John decided to buy his son Johnny some mathematical toys. One of his most favorite toy is blocks of different colors. John has decided to buy blocks of C different colors. For each color he will buy googol (10^100) blocks. All blocks of same color are of same length. But blocks of different color may vary in length. Jhonny has decided to use these blocks to make a large 1 x n block. He wonders how many ways he can do this. Two ways are considered different if there is a position where the color differs. The example shows a red block of size 5, blue block of size 3 and green block of size 3. It shows there are 12 ways of making a large block of length 11.

Each test case starts with an integer 1 ≤ C ≤ 100. Next line consists c integers. ith integer 1 ≤ leni ≤ 750 denotes length of ith color. Next line is positive integer N ≤ 10^15.

This problem should be solved in 20 seconds for T <= 25 test cases. The answer should be calculated MOD 100000007 (prime number).

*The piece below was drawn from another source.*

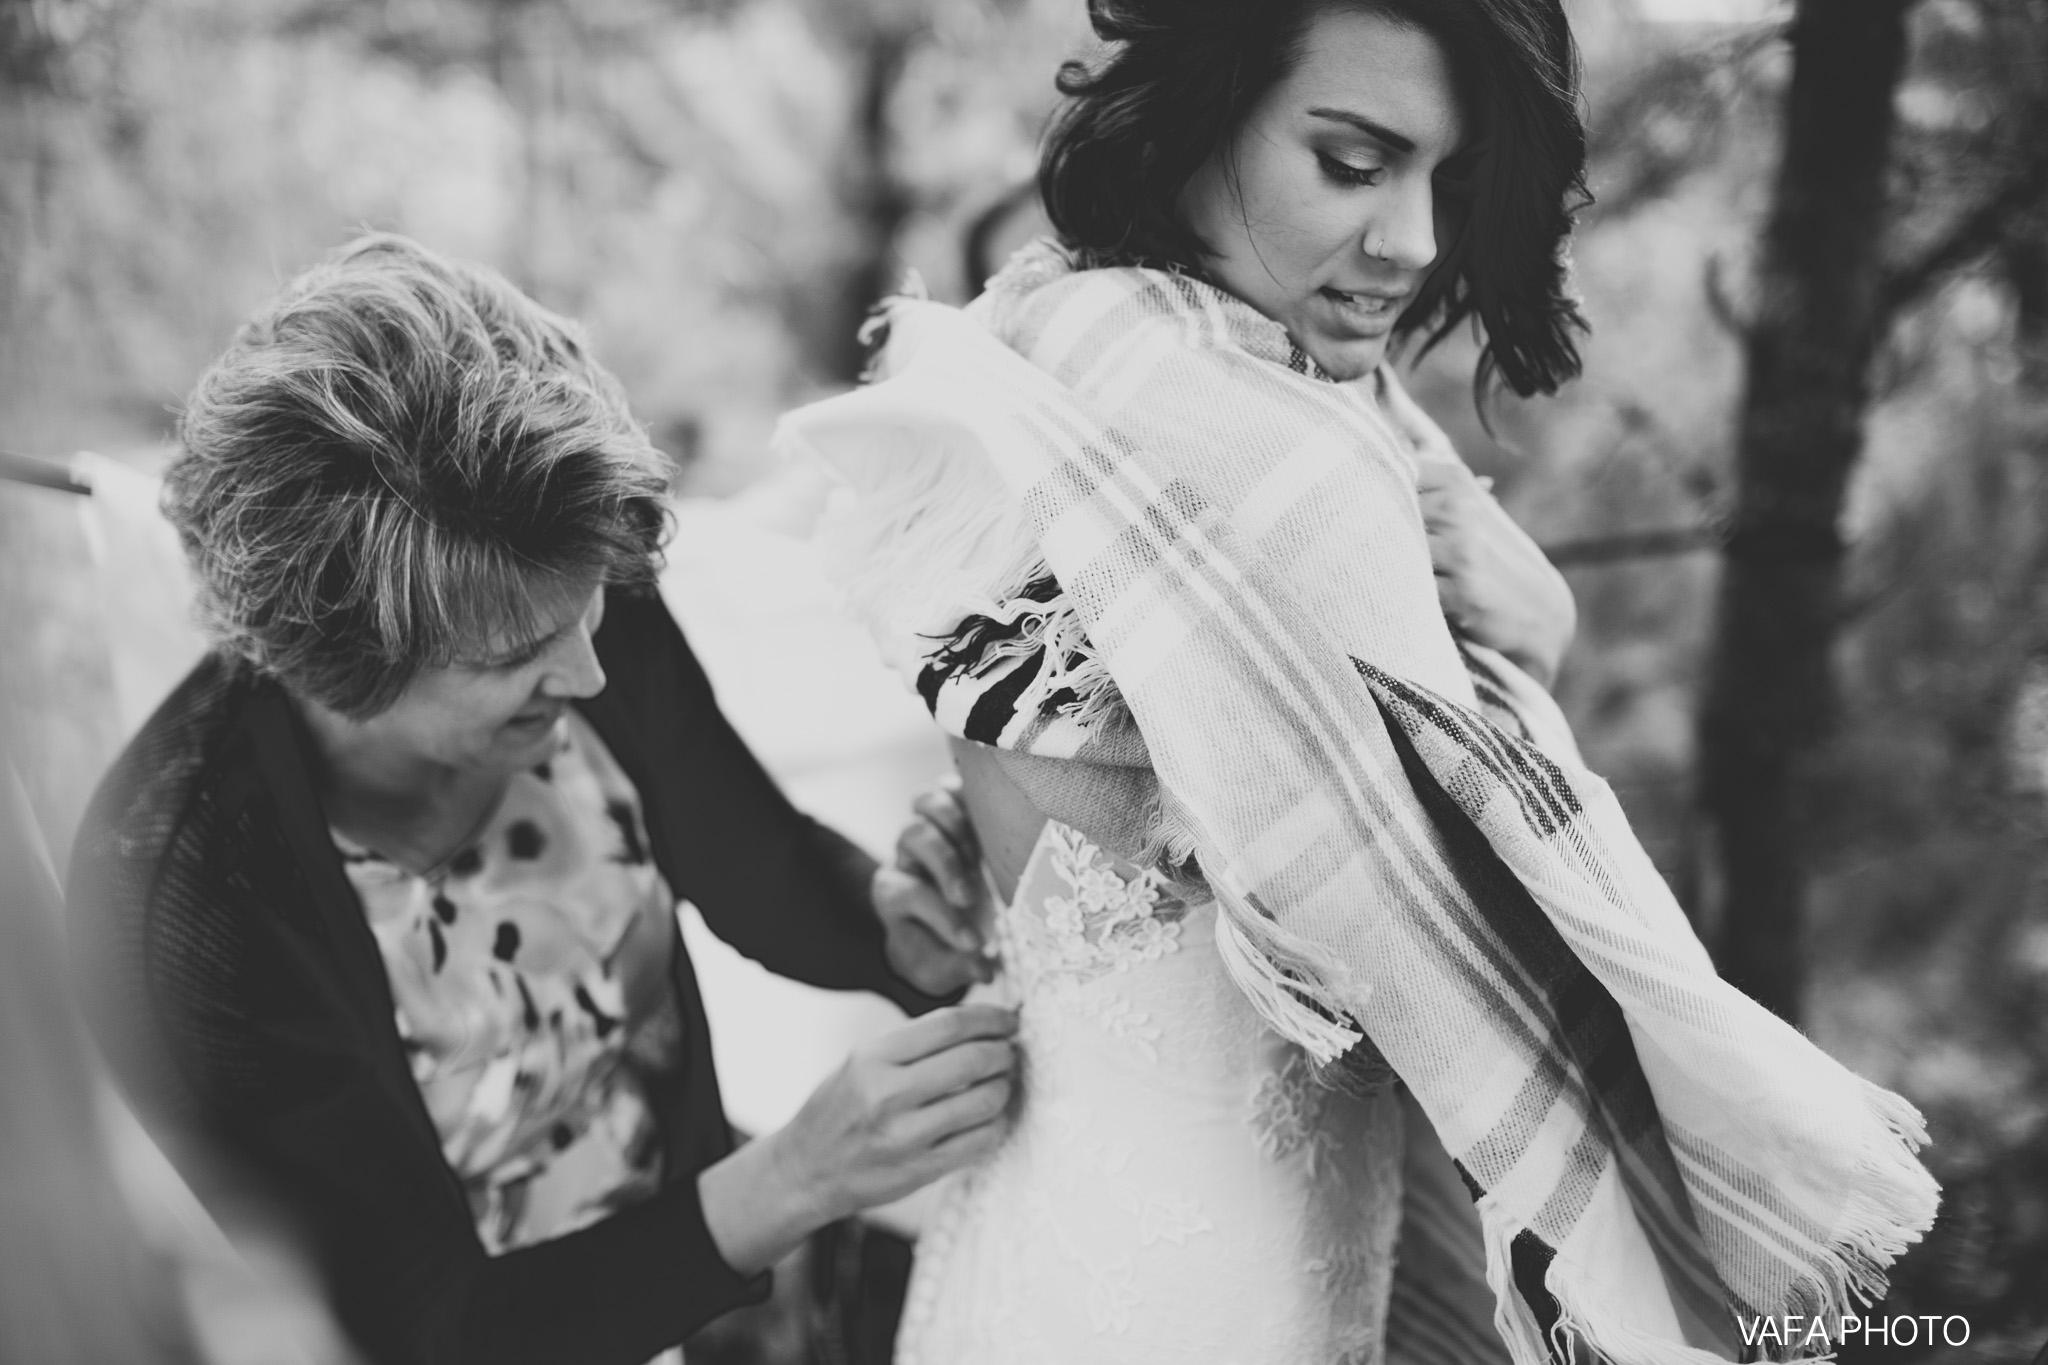 Hogback-Mountain-Wedding-Chelsea-Josh-Vafa-Photo-77.jpg
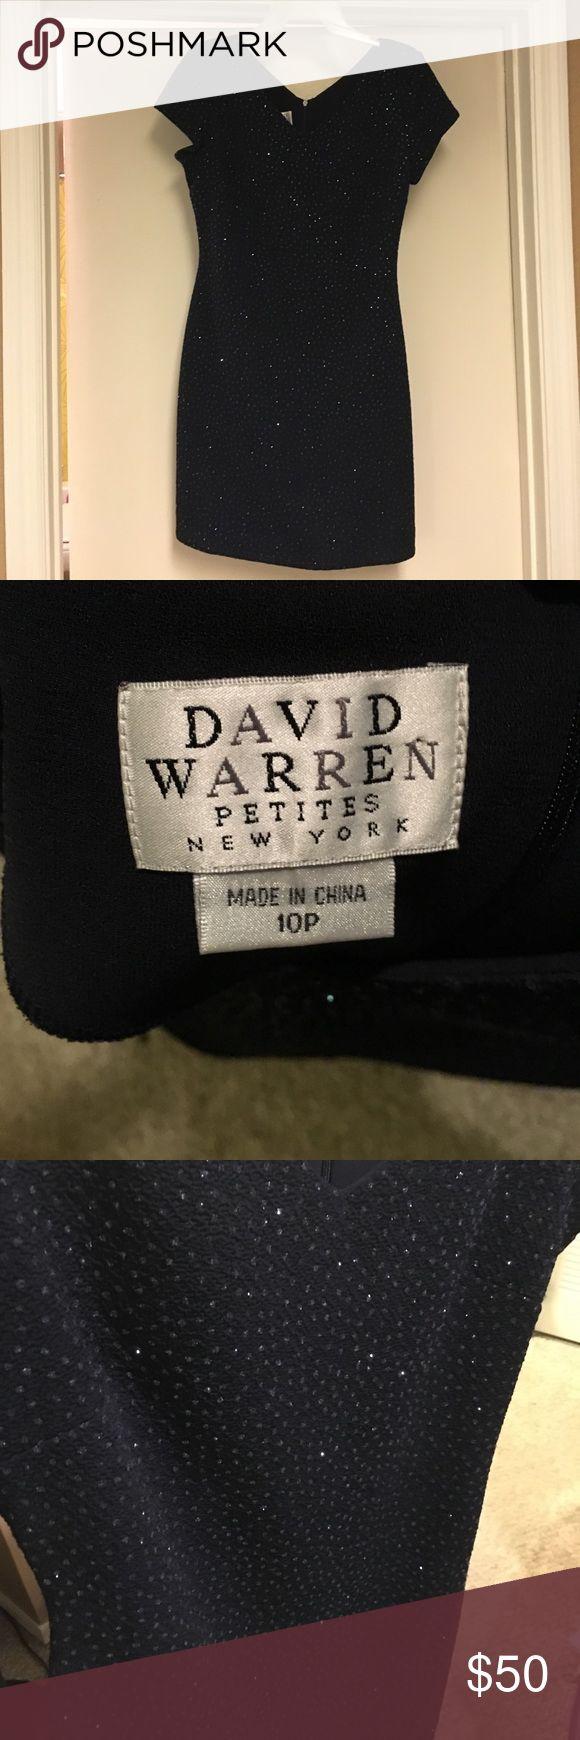 David Warren Petites Cocktail dress Dark navy, embroidered sequins, with flattering cut. Hemmed Zipper on back. Small split on back side. david warren Dresses Midi

It can be deduced to matrix exponentiation problem, which can be solved relatively efficiently in O(N^2.376*log(max(leni))) using Coppersmith-Winograd algorithm and fast exponentiation. But it seems that a more efficient algorithm is required, as Coppersmith-Winograd implies a large constant factor. Do you have any other ideas? It can possibly be a Number Theory or Divide and Conquer problem

+5  A: 

Firstly note the number of blocks of each colour you have is a complete red herring, since 10^100 > N always. So the number of blocks of each colour is practically infinite.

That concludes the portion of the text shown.